Rain a risk, Big Easy in state of emergency

City scrambles to get pumps working

The 17th Street Canal pumping station is one of 24 that New Orleans relies on to move water out of the low-lying city, but the system failed to keep up with last week’s storm, and some areas flooded.
The 17th Street Canal pumping station is one of 24 that New Orleans relies on to move water out of the low-lying city, but the system failed to keep up with last week’s storm, and some areas flooded.

NEW ORLEANS -- Louisiana's governor declared a state of emergency in New Orleans on Thursday as the city's malfunctioning water-pumping system and the threat of more rain left some neighborhoods at greater risk of flooding.

The city scrambled to repair fire-damaged equipment at a power plant and shore up its drainage system, less than a week after a flash flood from torrential rain overwhelmed the city's pumping system and inundated many neighborhoods.

Gov. John Bel Edwards described his emergency declaration as a precautionary measure. He and Mayor Mitch Landrieu tried to calm the nerves of residents still angry about the city's response to last weekend's flooding.

"Obviously this is a serious situation, but it's not something to be panicked about," Edwards said at a City Hall news conference.

Landrieu urged residents of some waterlogged neighborhoods to prepare for another possible round of flooding by moving vehicles to higher ground. All public schools were closed Thursday and were to be closed again today.

The city's infrastructure was crumbling for years before the devastation unleashed in 2005 by levee breaches in Hurricane Katrina's aftermath. The federal government earmarked billions of dollars for repairs and upgrades after the hurricane, but the problems have persisted. Streets are pockmarked with potholes and sinkholes. The city's water system has been plagued by leaks from broken pipes and power failures leading to boil-water advisories.

New Orleans' municipal pumping system is supposed to move water out of the low-lying city. Having the system crippled in August could not come at a worse time for New Orleans, since the Gulf Coast is in the middle of hurricane season.

And officials fear that even a common thunderstorm will test the system under it's current reduced capacity.

"With great prayer and a lot of hard work, hopefully we'll be OK," the mayor said.

Landrieu's office said in a news release early Thursday that the city has lost service from one of its turbines, which powers most of the pumping stations that serve the East Bank of New Orleans. Landrieu said that means the system's capacity to drain stormwater from the streets has been diminished.

"It was an internal fire within the turbine itself, and it was a critical part," Landrieu said.

The mayor said the city is moving in generators to back up the system and hoped to have them installed within 48 hours. Earlier, Landrieu said the power available early Thursday wouldn't be adequate to protect the city from another significant bout of rainfall.
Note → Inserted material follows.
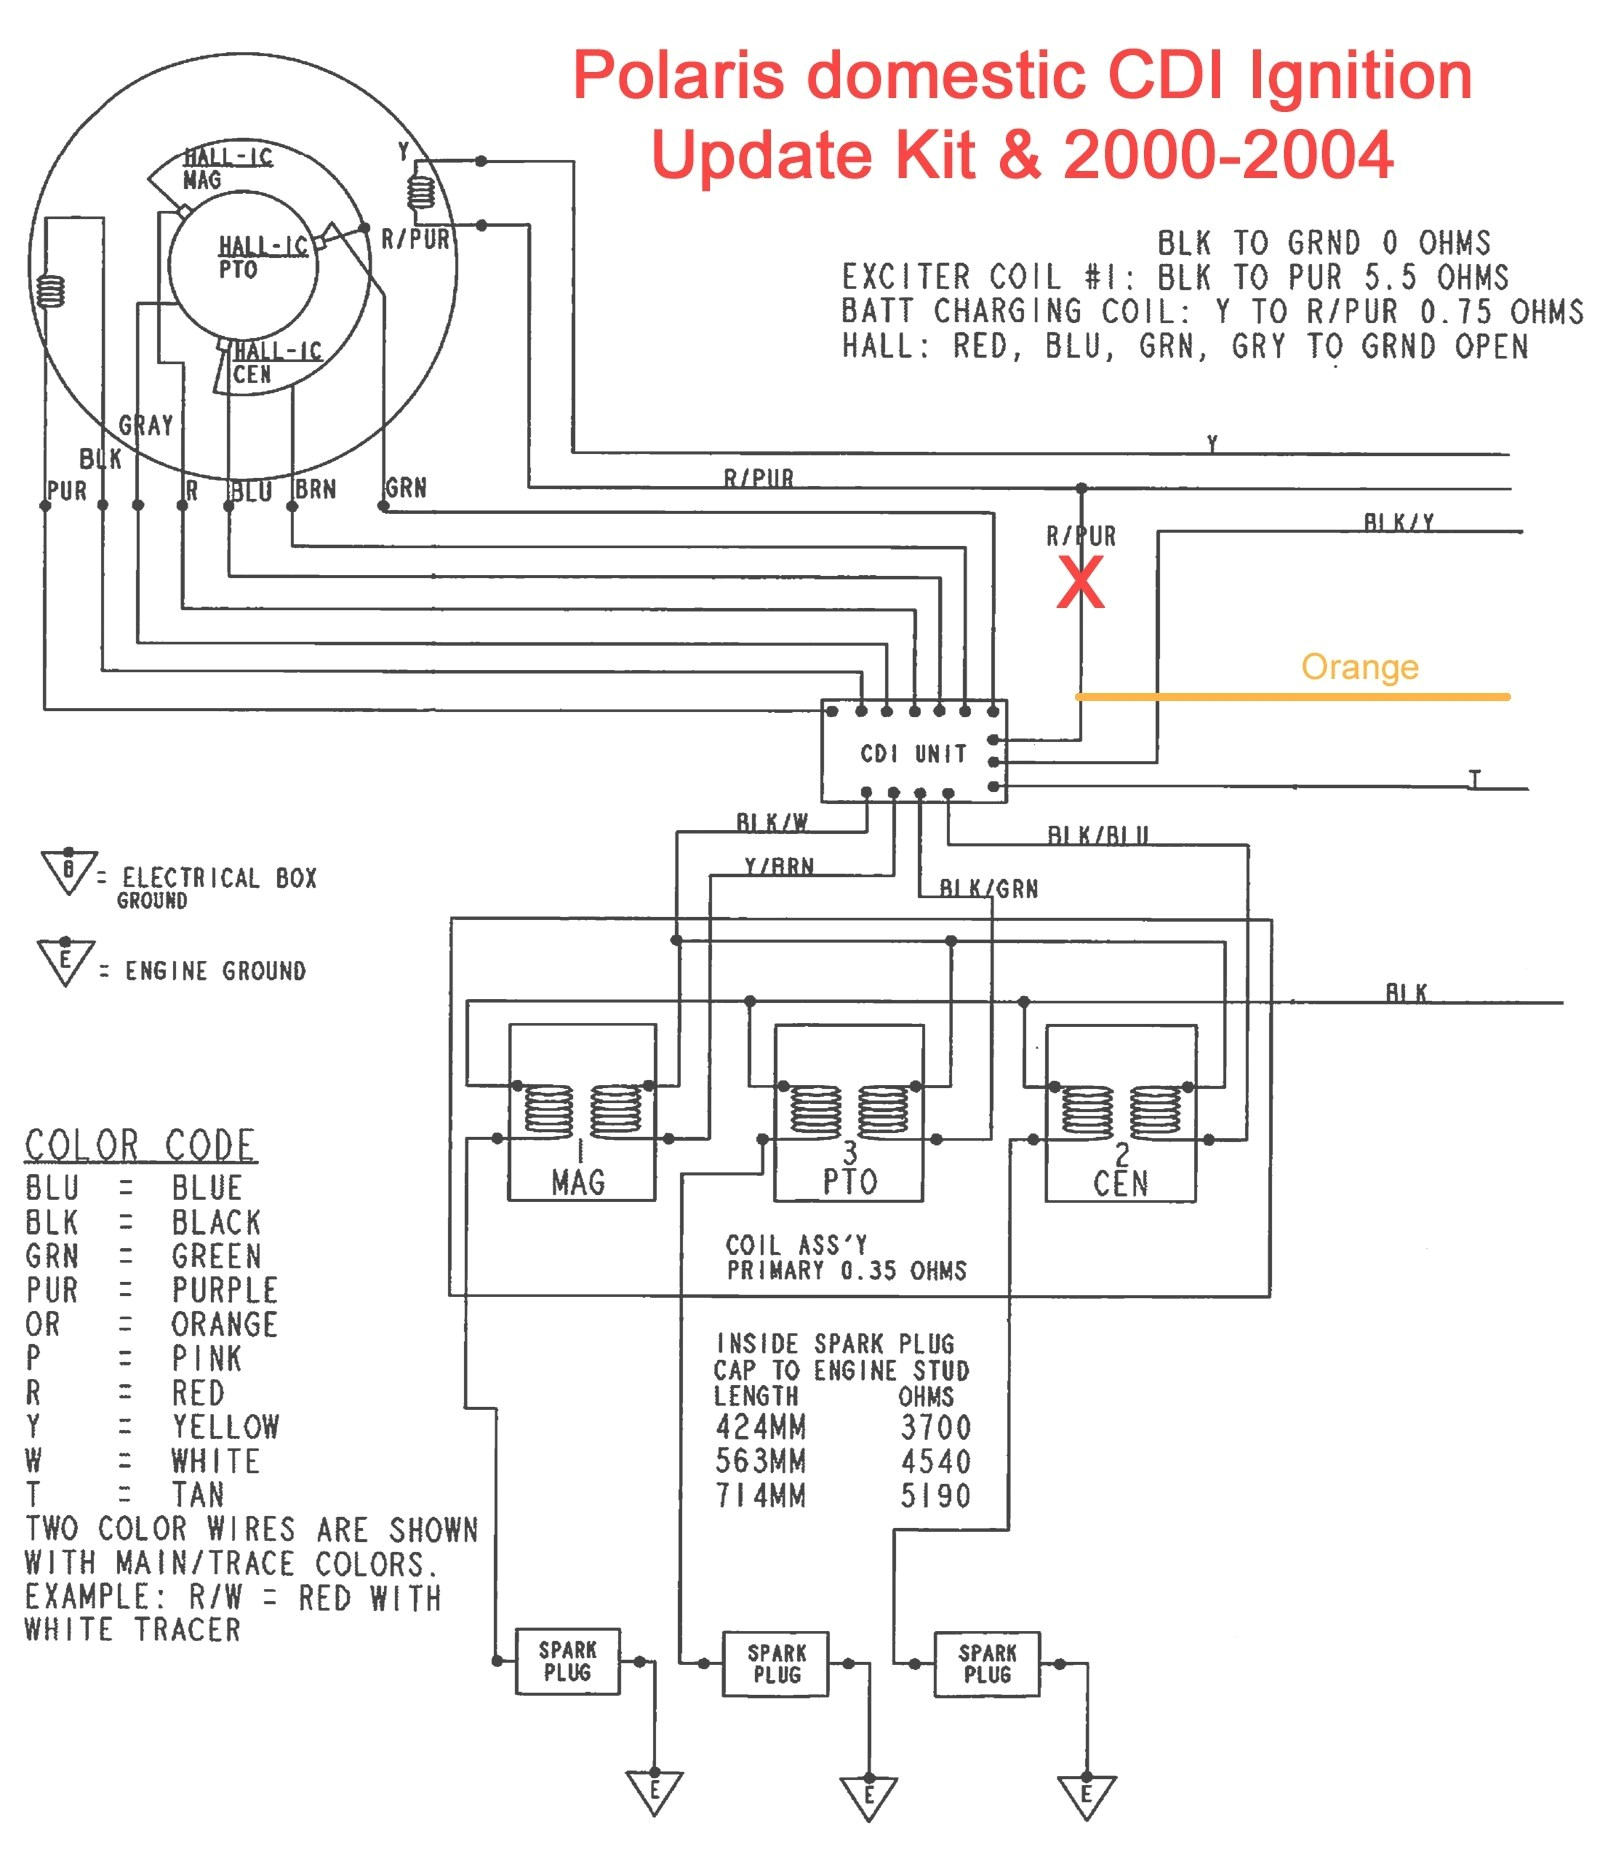 wiring diagram 2001 polaris 250 my wiring diagram wiring diagram 2001 polaris 250

National Weather Service meteorologist Phil Grigsby said scattered thunderstorms and showers were in the daily forecast for the region through the weekend and into next week. But he called that a "fairly normal [weather] pattern" for south Louisiana in August.

Earlier this week, city officials and spokesmen had said repeatedly that all 24 pumping stations were working at full capacity.

But after the system failed to keep up with a storm that dropped 9.4 inches of rain in three hours, the truth about the state of the water pumps began to emerge.

Despite what the public had been led to believe, City Council members were then told that pumping stations in two of the hardest-hit areas went down to half- to two-thirds of capacity Saturday, news outlets reported.

"It is unacceptable that the public was not only uninformed, but misinformed as to our drainage system functionality during the flood," Council Member LaToya Cantrell said in a statement Wednesday.

Cedric Grant, one of the mayor's top deputies and head of the Sewerage & Water Board, told the City Council on Tuesday that he would retire at the end of hurricane season, which lasts through November.

photo

AP/GERALD HERBERT

Rain clouds gather over a New Orleans power plant where workers were scrambling to repair fire-damaged equipment that powers most of the city’s water-pumping system. Gov. John Bel Edwards declared a state of emergency Thursday for New Orleans as a precaution after a round of flooding last weekend.